Hello all,
I am running the code from the example https://developer.nvidia.com/blog/even-easier-introduction-cuda/. Nvprof is telling me that to run this example’s add.cu it is taking about 3.5ms, while it took the author 680us to run it on his MacBook’s GTX750M. 3.5ms does not seem right for a discrete desktop 1070 GPU.

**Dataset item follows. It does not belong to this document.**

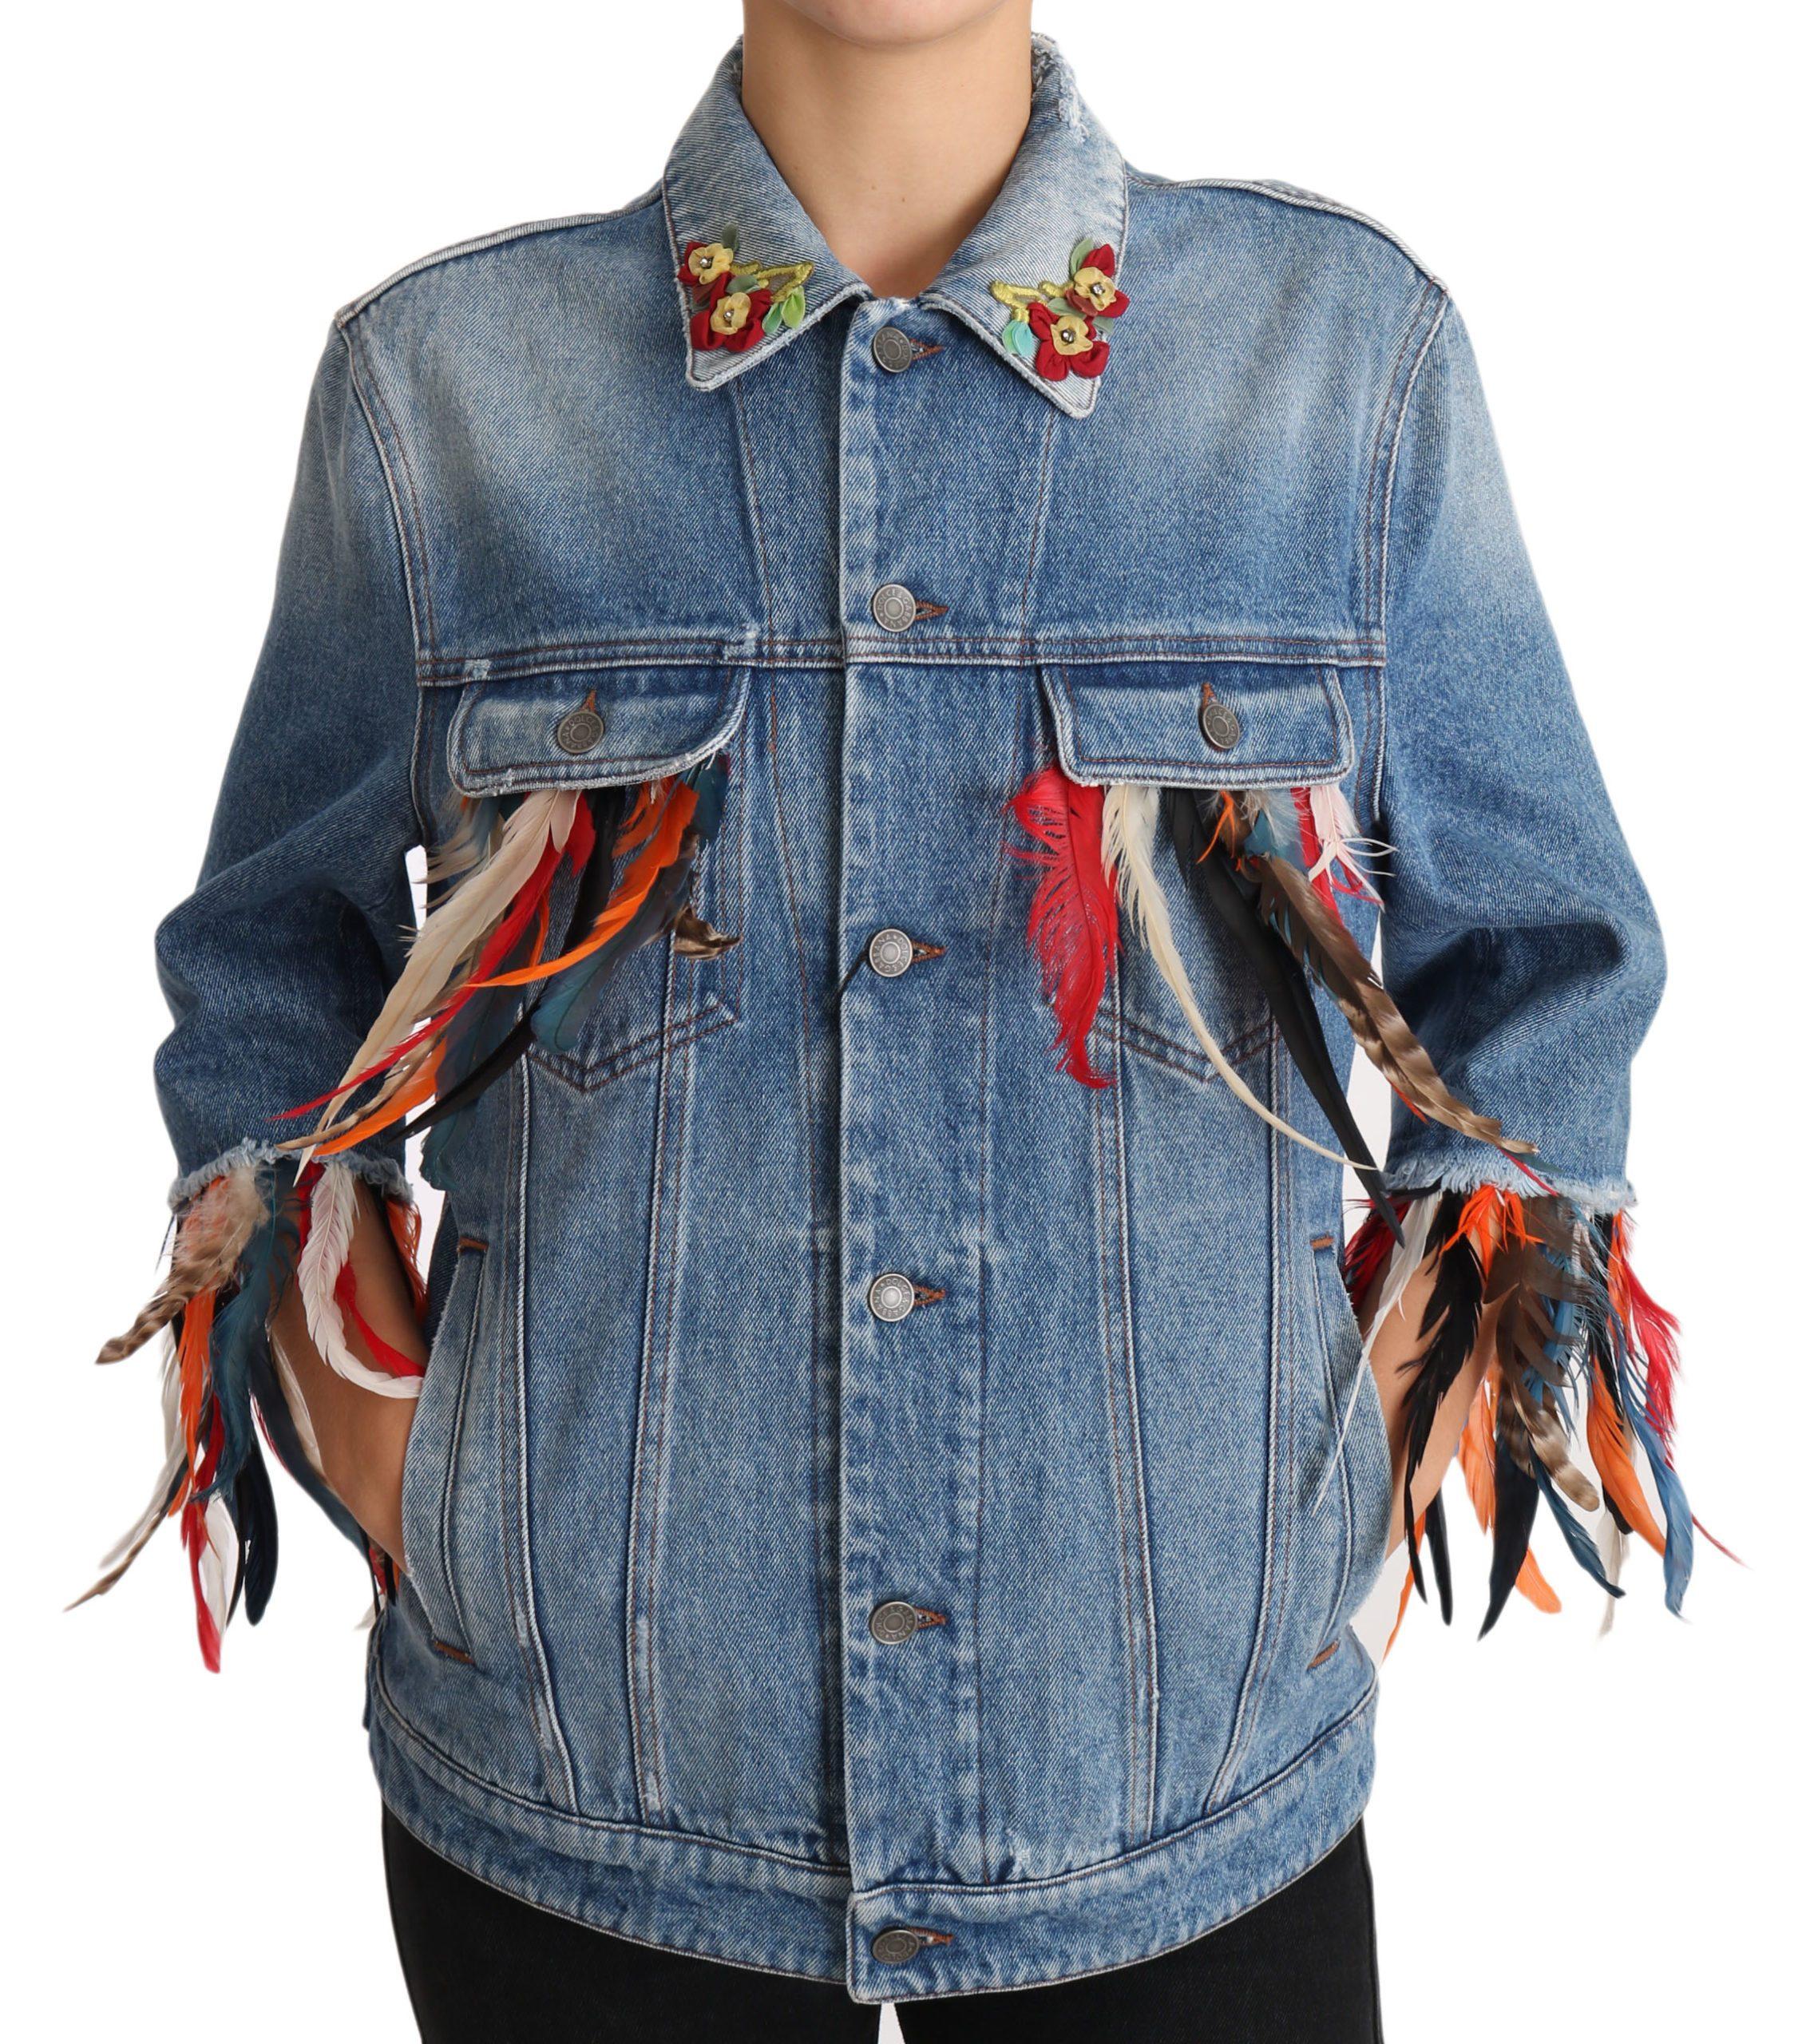 Dolce & Gabbana Women's Feather Floral Jacket Blue JKT2422 - IT44|L

Attached below is the code I am using, I basically copied it verbatim from the example:
#include <iostream>
#include <math.h>
// Kernel function to add the elements of two arrays
__global__
void add(int n, float *x, float *y)
{
int index = blockIdx.x * blockDim.x + threadIdx.x;
int stride = blockDim.x * gridDim.x;
for (int i = index; i < n; i += stride)
y[i] = x[i] + y[i];
}
int main(void)
{
int N = 1<<20;
float *x, *y;
// Allocate Unified Memory – accessible from CPU or GPU
cudaMallocManaged(&x, N*sizeof(float));
cudaMallocManaged(&y, N*sizeof(float));
// initialize x and y arrays on the host
for (int i = 0; i < N; i++) {
x[i] = 1.0f;
y[i] = 2.0f;
}
int blockSize = 256;
int numBlocks = (N + blockSize - 1) / blockSize;
// Run kernel on 1M elements on the GPU
add<<<numBlocks, blockSize>>>(N, x, y);
// Wait for GPU to finish before accessing on host
cudaDeviceSynchronize();
// Check for errors (all values should be 3.0f)
float maxError = 0.0f;
for (int i = 0; i < N; i++)
maxError = fmax(maxError, fabs(y[i]-3.0f));
std::cout << "Max error: " << maxError << std::endl;
// Free memory
cudaFree(x);
cudaFree(y);
return 0;
}
I am using the following command to compile:
/usr/local/cuda-11.6/bin/nvcc add.cu -g -o cudaAdd
My results from nvprof:
matthew@sonOfAnton:~/cudaSandbox/simpleCudaExample$ /usr/local/cuda-11/bin/nvprof ./cudaAdd
==3514== NVPROF is profiling process 3514, command: ./cudaAdd
Max error: 0
==3514== Profiling application: ./cudaAdd
==3514== Profiling result:
Type Time(%) Time Calls Avg Min Max Name
GPU activities: 100.00% 4.5185ms 1 4.5185ms 4.5185ms 4.5185ms add(int, float*, float*)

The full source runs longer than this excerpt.